• _TASK TO COMPLETE_: Return the listing exactly as it appears, but strip out the images.

• _SUPPLIED DATA_:
↓
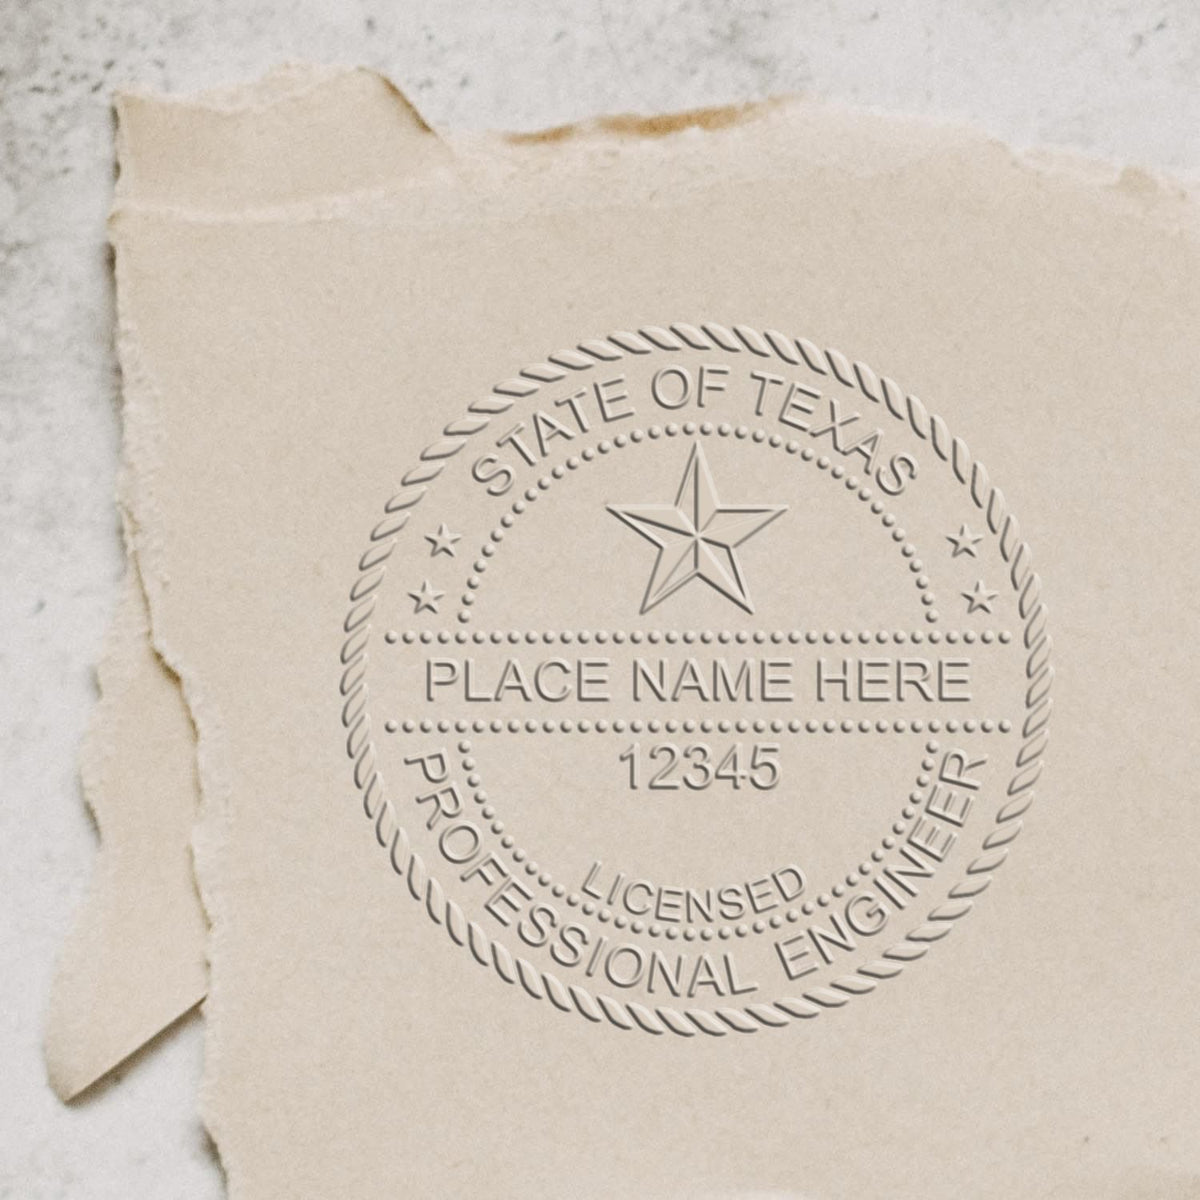 A photograph of the Hybrid Texas Engineer Seal stamp impression reveals a vivid, professional image of the on paper.
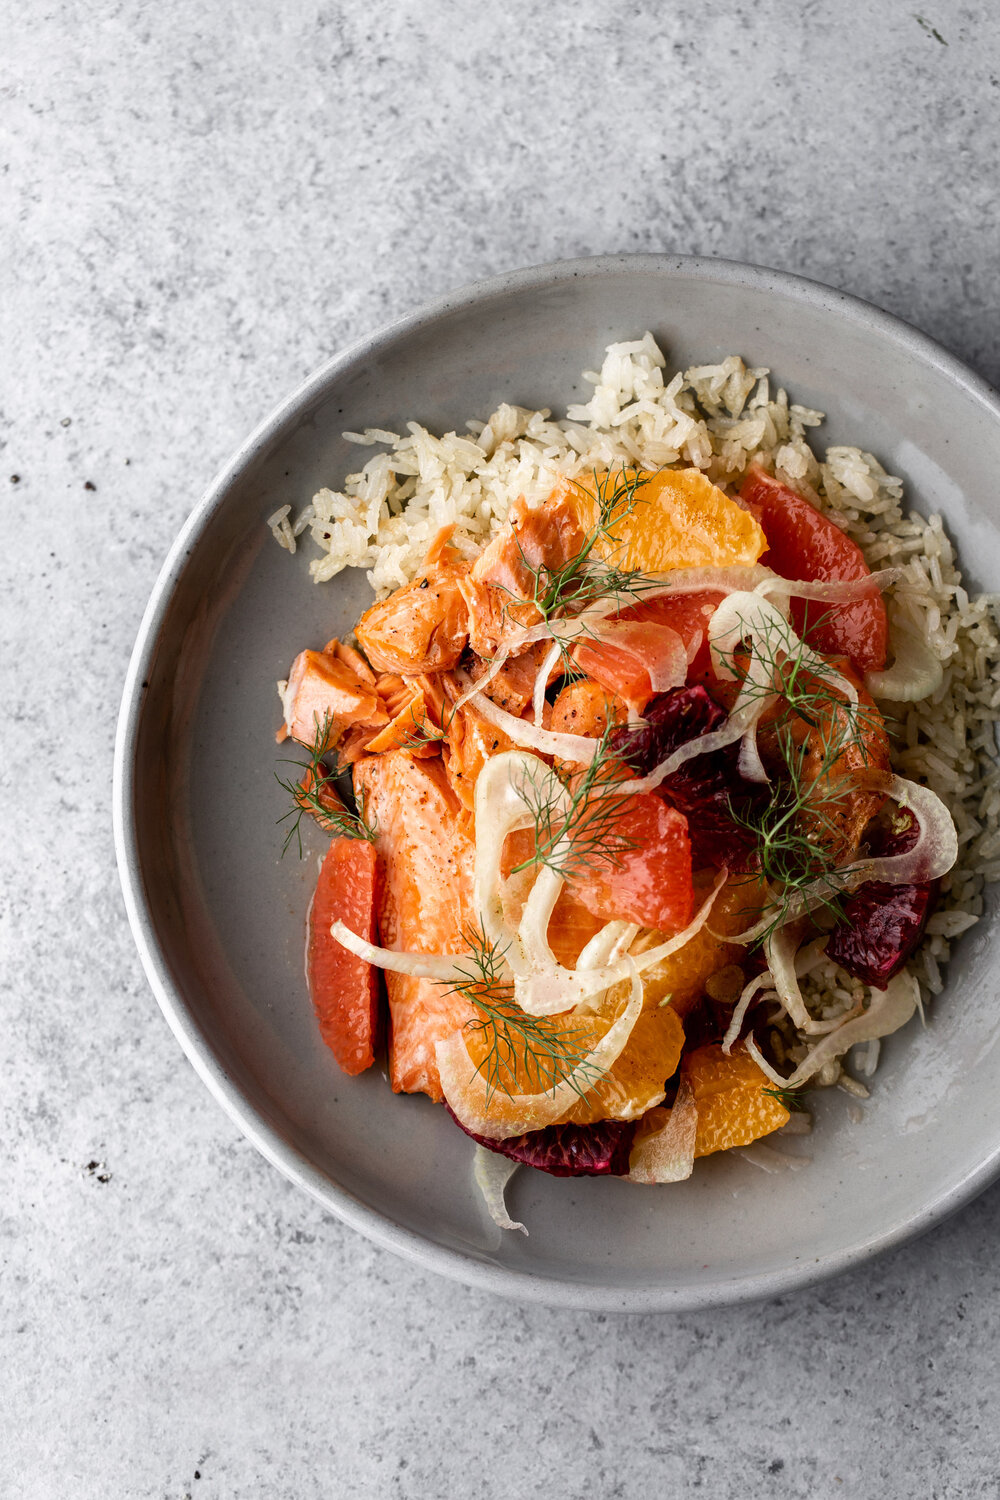 Roasted Salmon with Winter Citrus Salad and Brown Butter over Crispy Rice
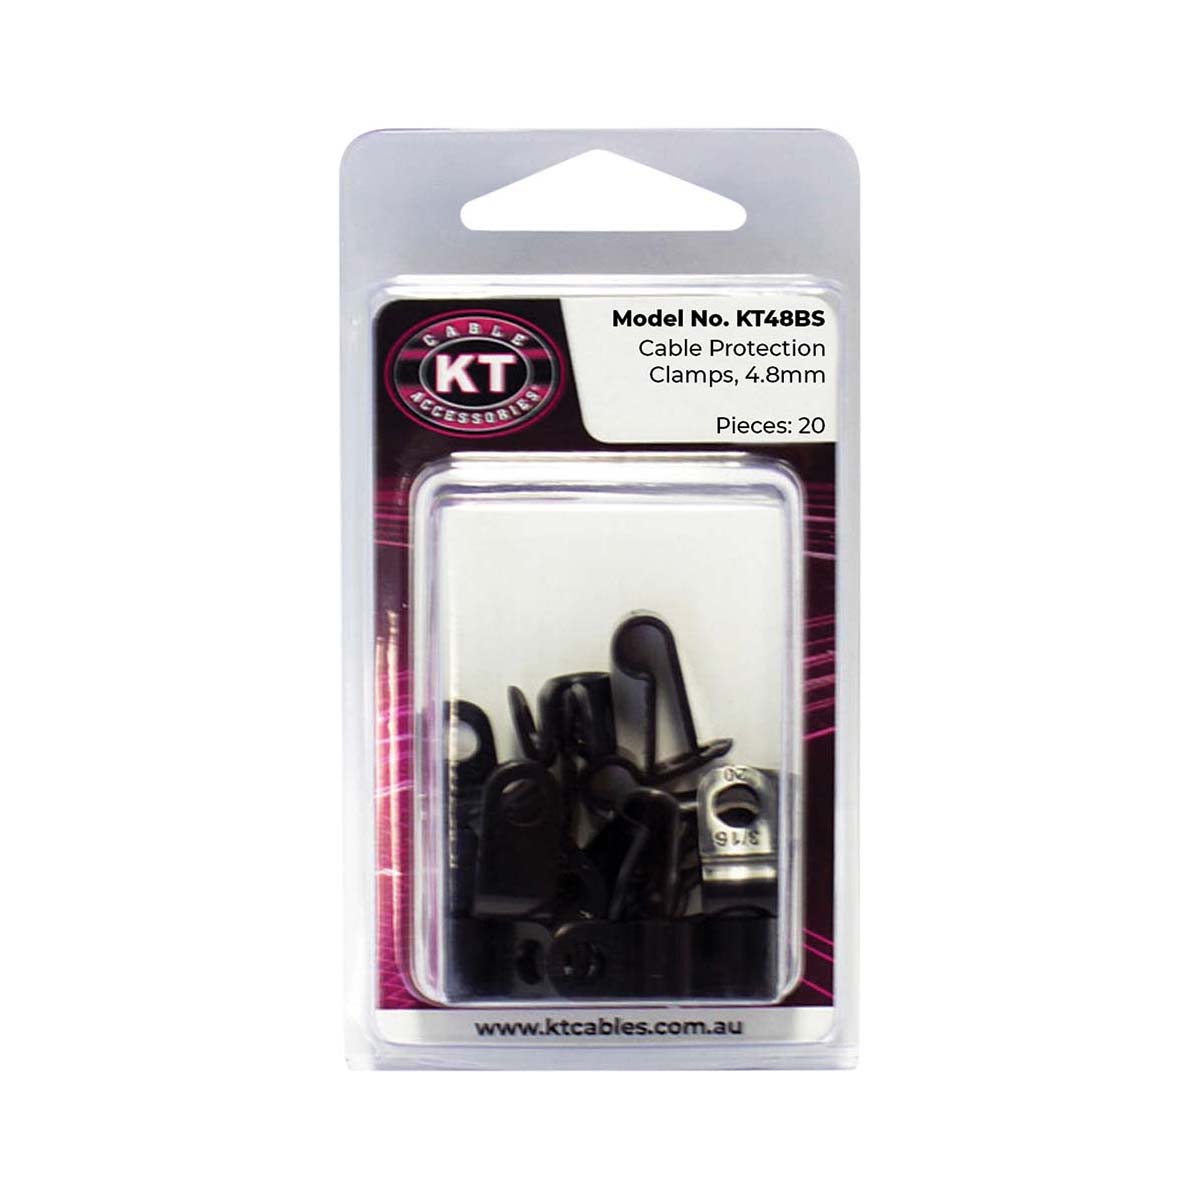 KT Cables Cable Protection Clamps 20 Pack 4.8mm
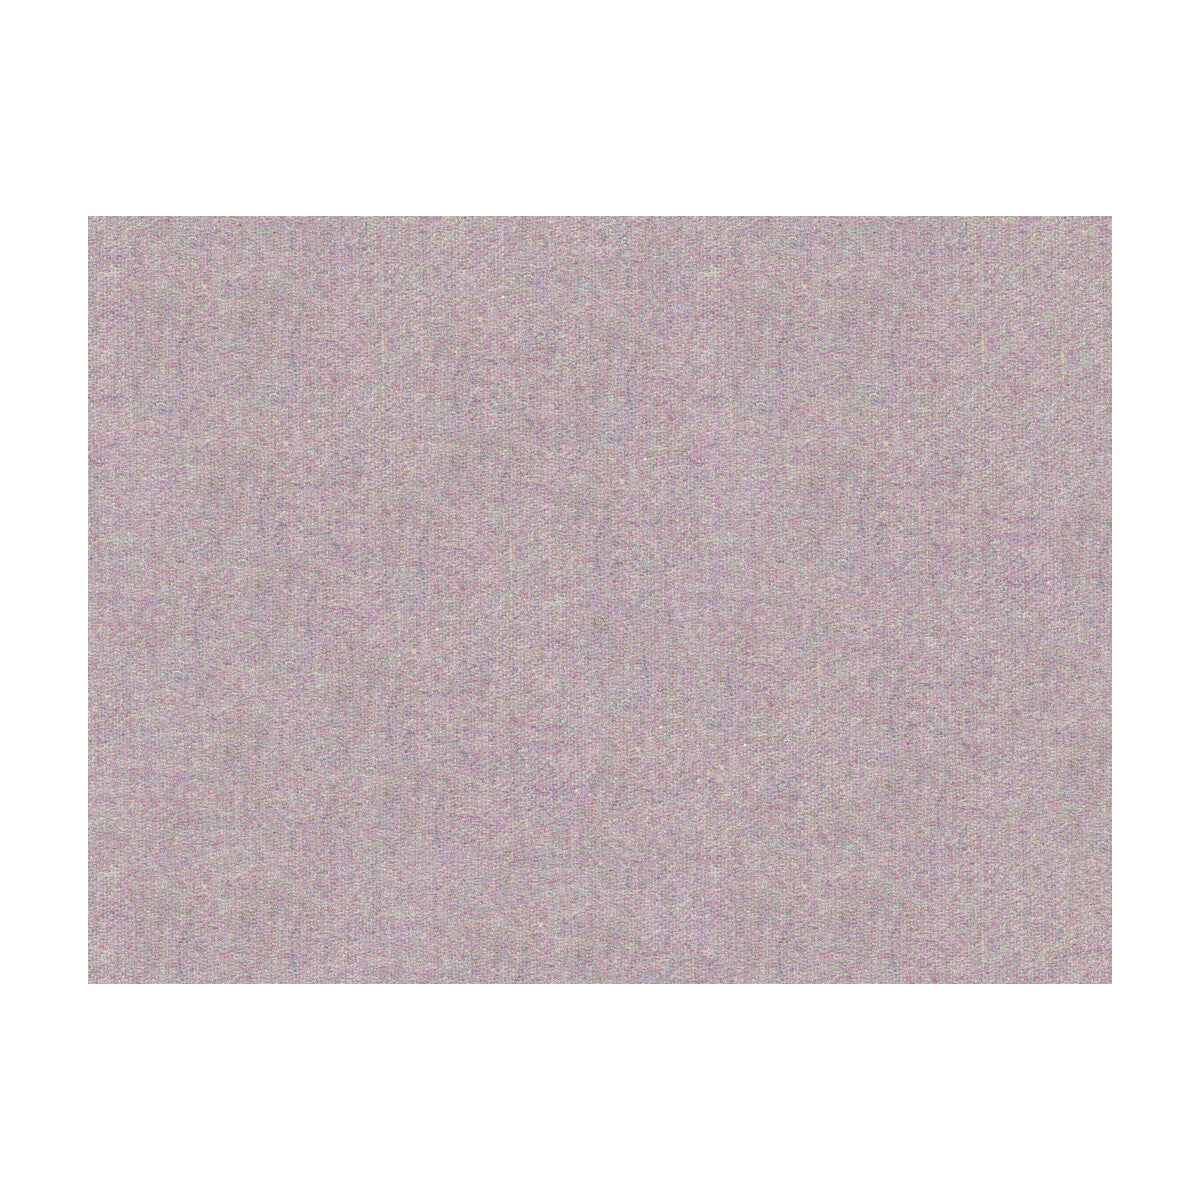 Chevalier Wool fabric in heather color - pattern 8013149.710.0 - by Brunschwig &amp; Fils
↑
• _ANSWER AREA_:
 A photograph of the Hybrid Texas Engineer Seal stamp impression reveals a vivid, professional image of the on paper.
 Roasted Salmon with Winter Citrus Salad and Brown Butter over Crispy Rice
 KT Cables Cable Protection Clamps 20 Pack 4.8mm
 Chevalier Wool fabric in heather color - pattern 8013149.710.0 - by Brunschwig &amp; Fils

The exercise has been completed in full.